Task prompt:
Retype exactly the lines below, starting with the line that contains "Tapis Chambre Bébé" and ending with the last line; leave out any pictures.

Given data:
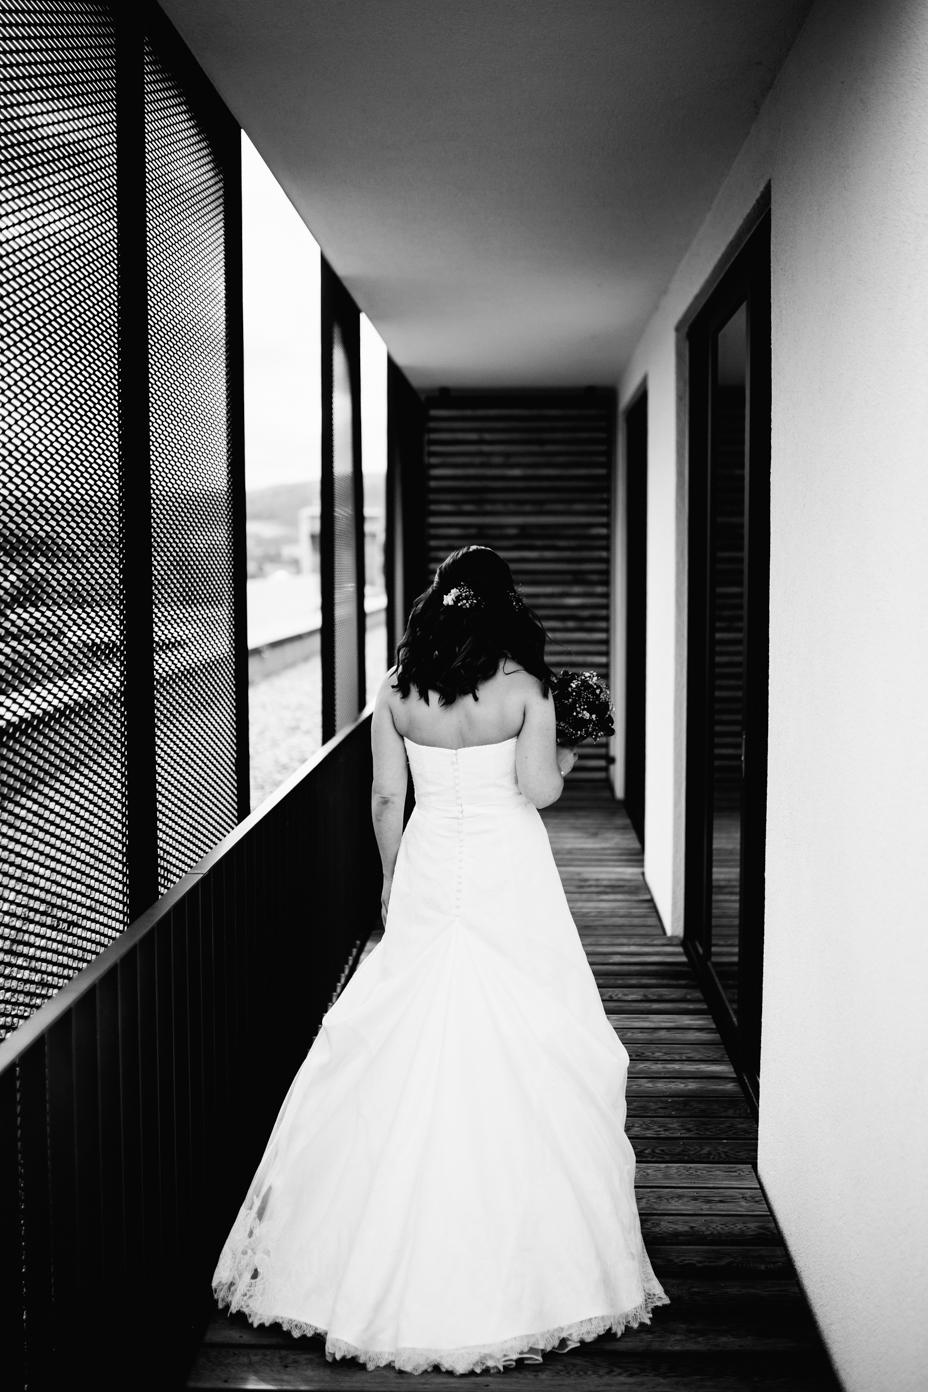 Hochzeitsfotograf-Kassel-Kloster Haydau-Morschen-Inka Englisch Photography-Hochzeitsreportage-Aue-Wedding-Photographer-Lifestyle-Storytelling-14
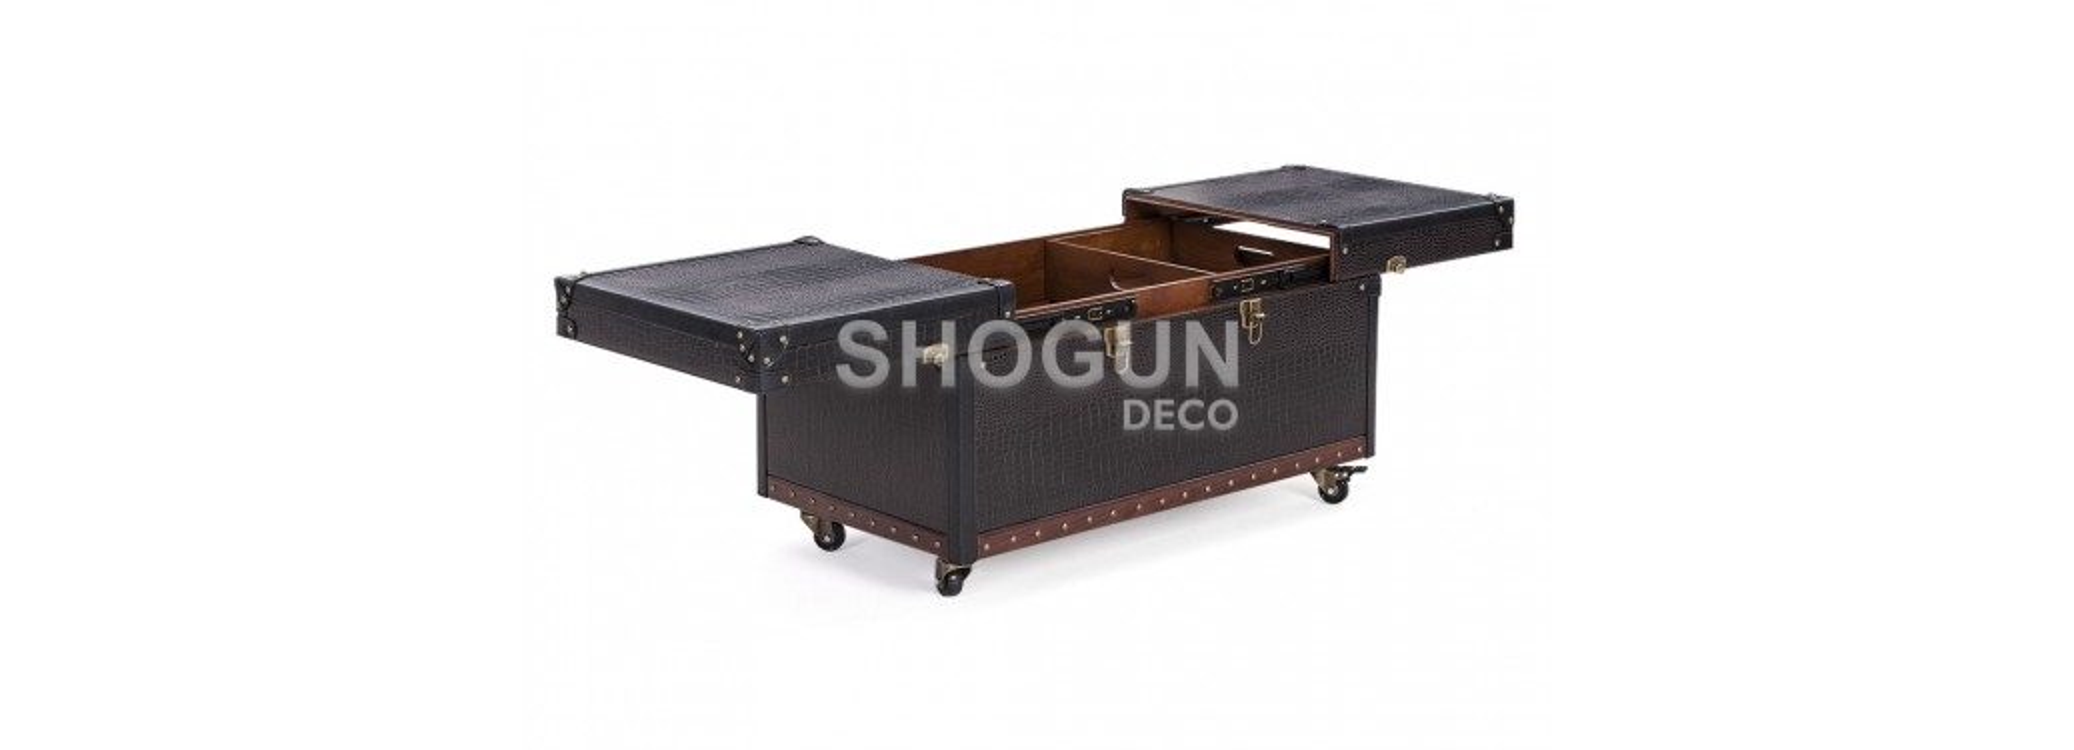 Table basse Cap Horn petit modèle - Marron foncé façon croco
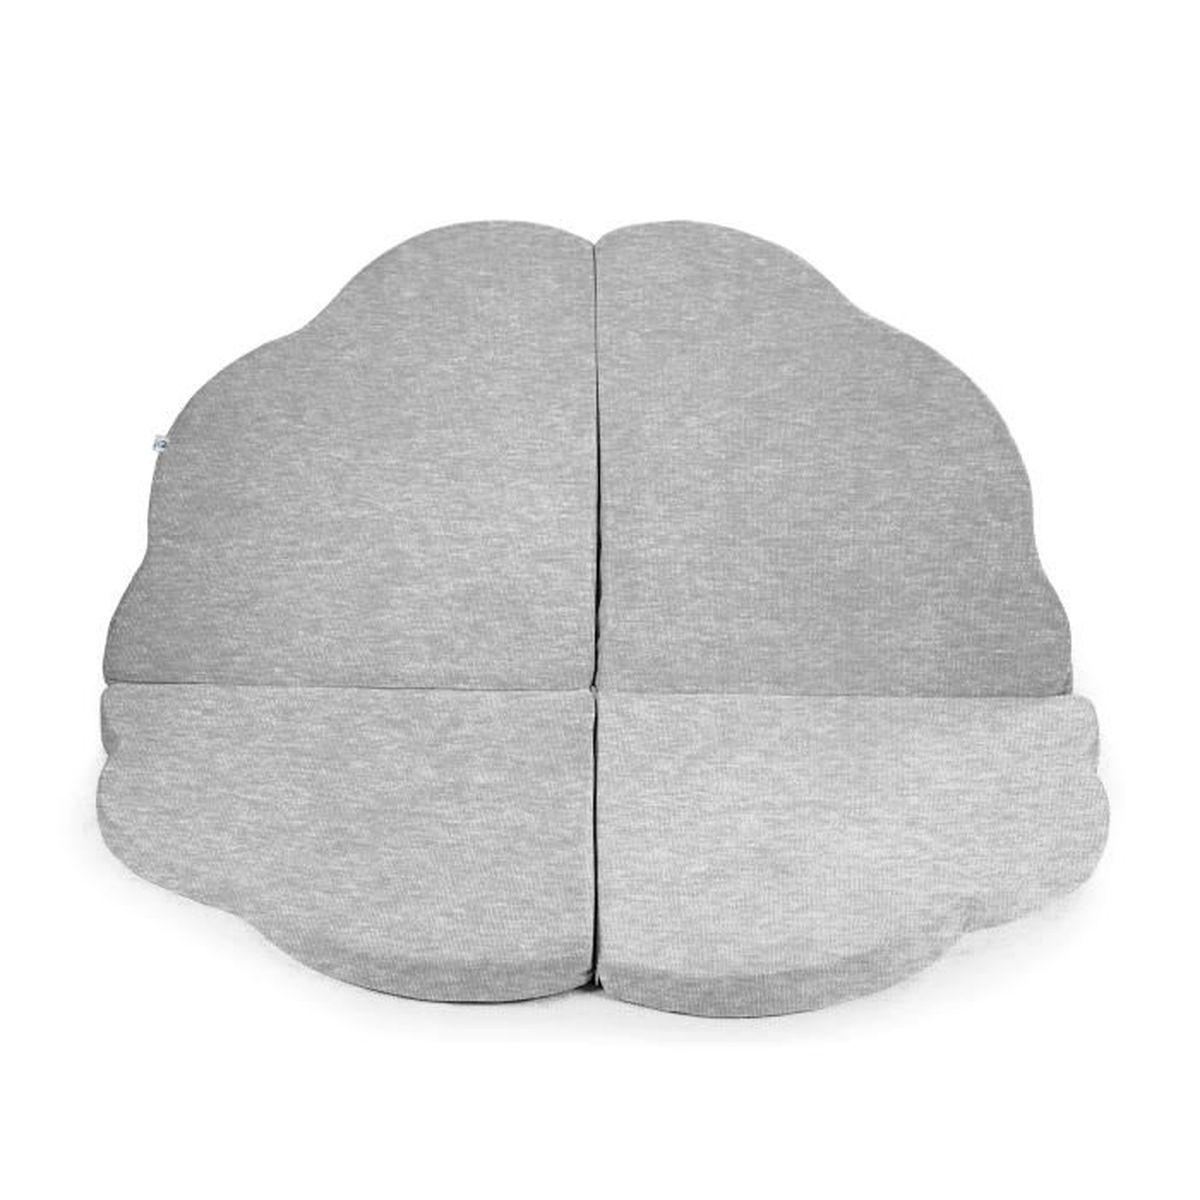 Tapis Chambre Bébé Mixte tapis de sol grey cloud bébé tapis nuage gris gris - achat
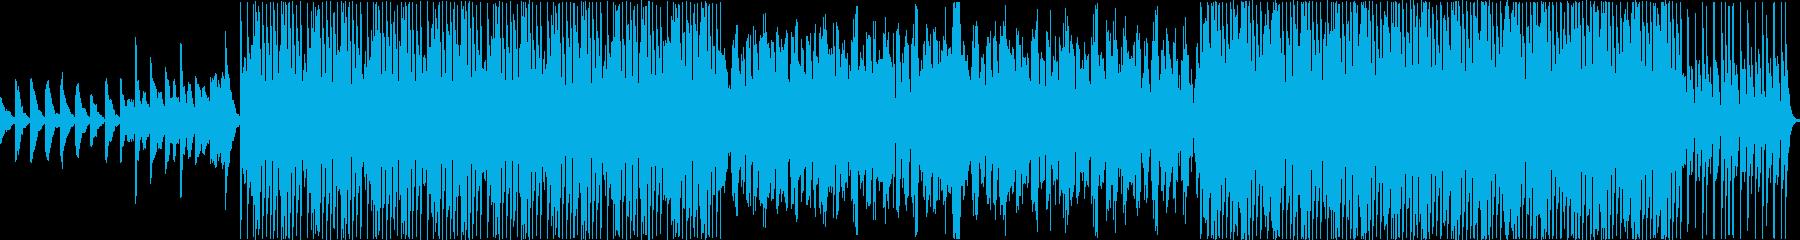 学校チャイムを基盤にしたエレクトロBGMの再生済みの波形

Finished task:
 Tapis Chambre Bébé Mixte tapis de sol grey cloud bébé tapis nuage gris gris - achat
 学校チャイムを基盤にしたエレクトロBGMの再生済みの波形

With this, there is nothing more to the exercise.